An Italian army soldier secures an empty Campo Dei Fiori Square on March 29, 2020, in Rome. Marco Di Lauro / Getty Images

FILIPPO SENSI, member of Italy’s Chamber of Deputies representing Tuscany for the Democratic Party: I had been committed to go into the Chamber of Deputies to vote, and I remember it was unreal. My wife greeted me at the door as someone who could die tomorrow or someone who could bring the virus home. All these MPs were coming from all over Italy and you really didn’t know what was going on so you looked at your brother, your MP colleague, as a threat.
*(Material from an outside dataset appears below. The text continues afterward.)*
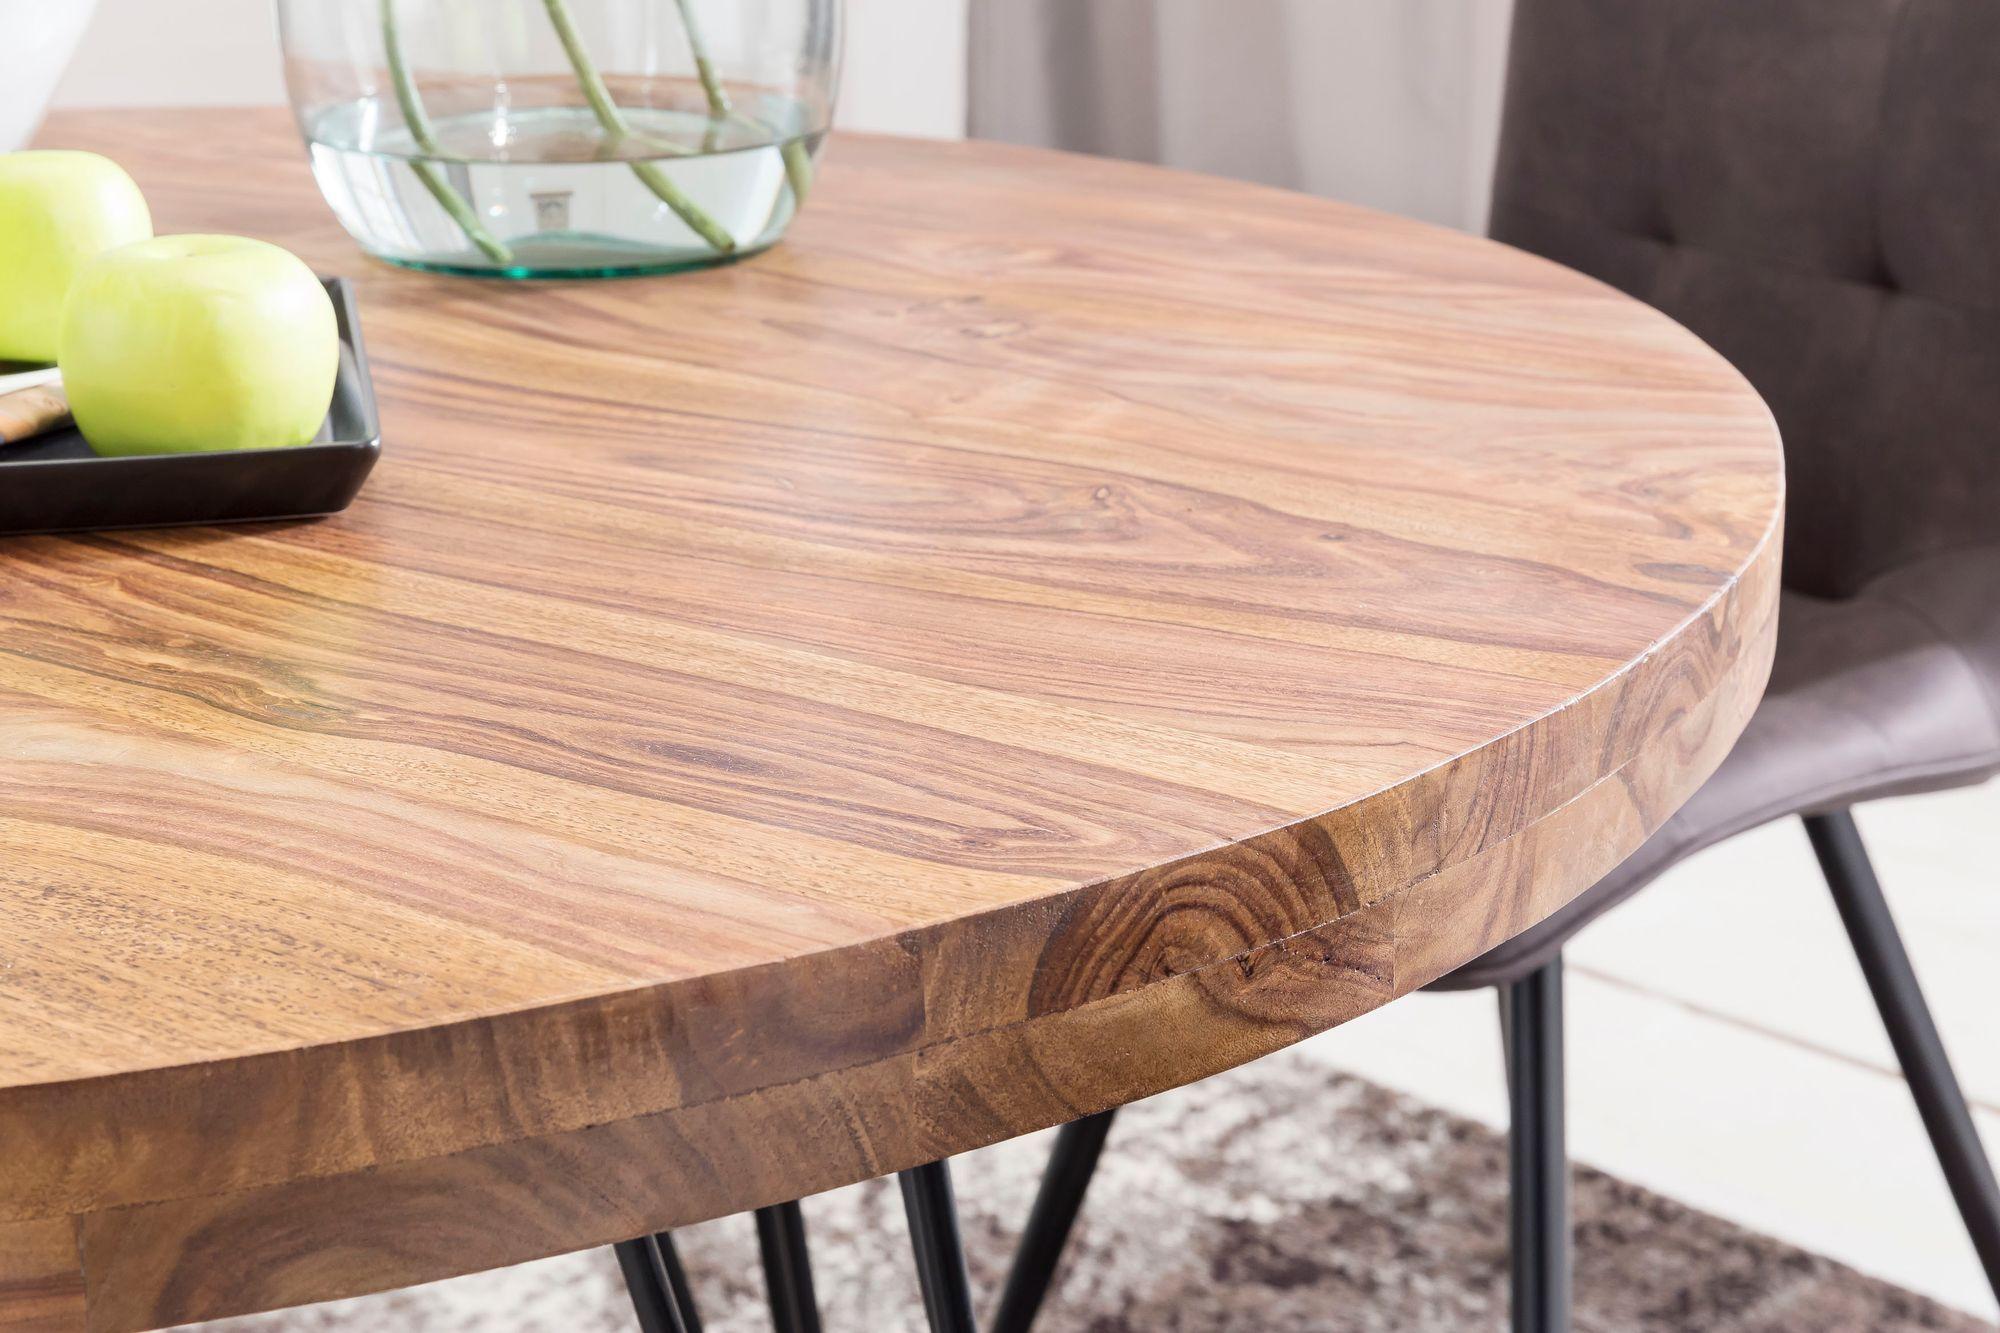 FineBuy Design Esszimmertisch BATI rund Ø 31 x 31 cm Sheesham Massiv-Holz   Landhaus Esstisch braun  Tisch für Esszimmer Küchentisch 31 Personen

JESSE SMEAL, owner of the Homebaked cafés in Rome: I was at the restaurant when we heard that. It was a little bit shocking and kind of surreal. I remember this kind of empty, helpless feeling. I have two restaurants. I closed one and went to see my wife at the other. I was like, Wow. This is crazy.

FILIPPO SENSI: We were home with my family — my three kids and my wife — and there was a breaking news program on every television channel in Italy. Prime Minister Conte went on TV in every Italian home just saying, “We have to close this, this, this, and this.” There was such momentum and it was all very grim. There was a sense of something catastrophic looming. It was the beginning of something. We really didn’t know how it could end. There wasn’t much debate about trying to have the more mild lockdown measures.

JESSE SMEAL: It was kind of surreal. My wife and I were like, This is something that’s gonna pass in a relatively quick manner, so we weren’t too worried. I took that weekend at home and then we realized later the following week, Wait a second. This is going to go on for a while. And then we started getting nervous. The thoughts in your head start: What are we going to do? That’s our only source of income. You’re always able to plan your everything. You plan out your day, your week, your month — but we were just going from day to day. We still are.

Around 6 p.m., late-night TV shows in New York City film their episodes. That afternoon five shows — The Late Show With Stephen Colbert, Late Night With Seth Meyers, The Tonight Show Starring Jimmy Fallon, The Daily Show With Trevor Noah, and Full Frontal With Samantha Bee — announced together they will halt taping with live studio audiences.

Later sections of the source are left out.